Russian head of state Vladimir Putin has said in the past that if Western nations allow Ukraine to strike deep within Russia, it will be considered an act of war. And Putin recently stressed during a speech in Sochi, Russia, that people need to be ready for “anything”:
Both practice and recent events show that we must be ready for anything. In such times, every person’s responsibility is especially great — responsibility for their own destiny, for the future of their country, and for the entire world. The stakes, in this case, are extremely high.
Indeed they are.
The obvious question is, as liberty icon Dr. Ron Paul asked in his recent Liberty Report podcast, “Does this mean an escalation?”
Trump has become disillusioned with Putin since the two met in Alaska last month. They emerged from the meeting with no deal, but Trump appeared hopeful that the Russians really did want peace. Since then, the fighting in Ukraine has only intensified, and Trump, whose feelings toward Putin have swung from neutral to outright disappointment, seems to have settled on the latter as of now. Based on multiple comments, Trump may believe Putin is playing him and not interested in peace. The president is likely hearing from people who are telling him the former KGB officer is stringing him along with no intention of stopping the conflict.
Despite his many faults and foibles, Trump has likely pursued a peace deal with Putin in good faith. A number of other, more successful, peace mediations this year alone bolster this notion. Whether for personal glory or simply the good of humankind, it is undeniably true that Trump has facilitated peace deals.
But many are asking, If he truly wants peace, why would he bolster Ukraine’s capabilities? Wouldn’t that just prolong the war?
Perhaps the president has been convinced that if the Russians lose their source of revenue, they will become more open to a deal.
Another commonly held position is that the war would end faster if the U.S. took its thumb off the scale. Stop sharing intel, cut off the flow of weapons, and Ukraine has no choice but to give up. The Europeans, for all their saber-rattling, don’t have the backbone or the resources to jump in, especially if the U.S. stops selling weapons to NATO.
But it’s difficult to see how this most recent decision, if it goes through, fosters peace. “Even if nothing comes of this, it’s looking [like a] possibility that it could end up in escalation,” Paul said.

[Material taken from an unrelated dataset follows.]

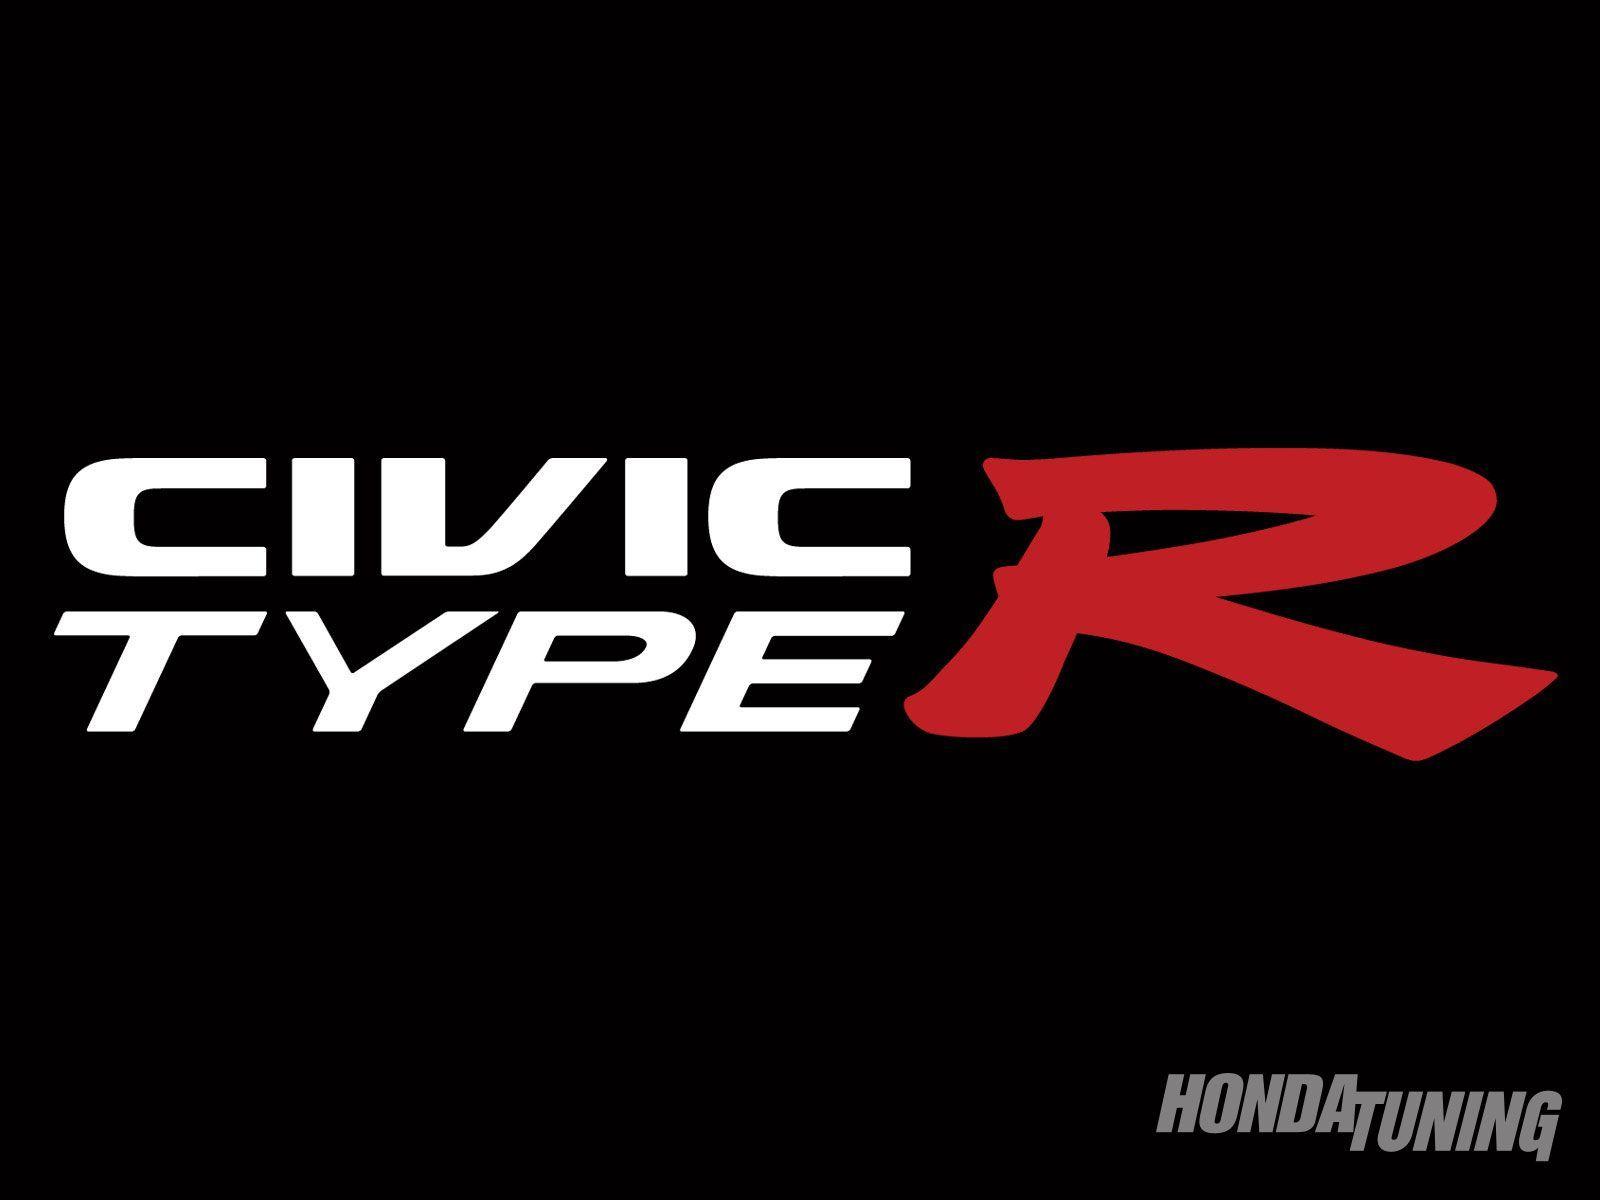 Honda Civic Logo - Honda civic Logos

Paul also brought up a major reason this war is raging in the first place. “NATO fell down on their promises,” he said. He elaborated, adding that after the official collapse of the Soviet Union, Western leaders vowed not to stretch NATO membership to countries east of Germany. By 2004, though, 10 European countries east of Germany had joined NATO. And after two more decades, more countries had joined, including several bordering Russia.
The Russians drew a red line at Ukraine, which would put enemy NATO bases under their belly. The Kremlin has offered to end the war if Ukraine agrees to drop any bid for NATO membership, and Trump has supported this. But there is no record of the Ukrainians, or the Europeans, agreeing to this. In April, NATO Secretary-General Mark Rutte said that, one way or another, there will be NATO bases in Ukraine:
We decided in Washington that the path of Ukraine into NATO is irreversible. We are building the bridge by everything we’re doing with Ukraine, getting Ukraine as interoperable as possible with NATO. But it was never promised to Ukraine that NATO membership would be part of a peace deal. I mean, that is also true.
And Ukraine’s head of state Volodymyr Zelensky met with Rutte and other NATO officials to discuss “Ukraine-NATO cooperation.”
“The stage has been set” for escalation, Paul commented, thanks to “this very foolish foreign policy.” And the prospect of escalation only favors the globalists, who have used both 20th-century world wars as an excuse to prop up world government — first with the failed League of Nations, then with the United Nations.
American citizens must create a pressure campaign to get the U.S. out of NATO and cut off all involvement in this war. As we said in our Feb. 14, 2022 print issue, it’s not our fight.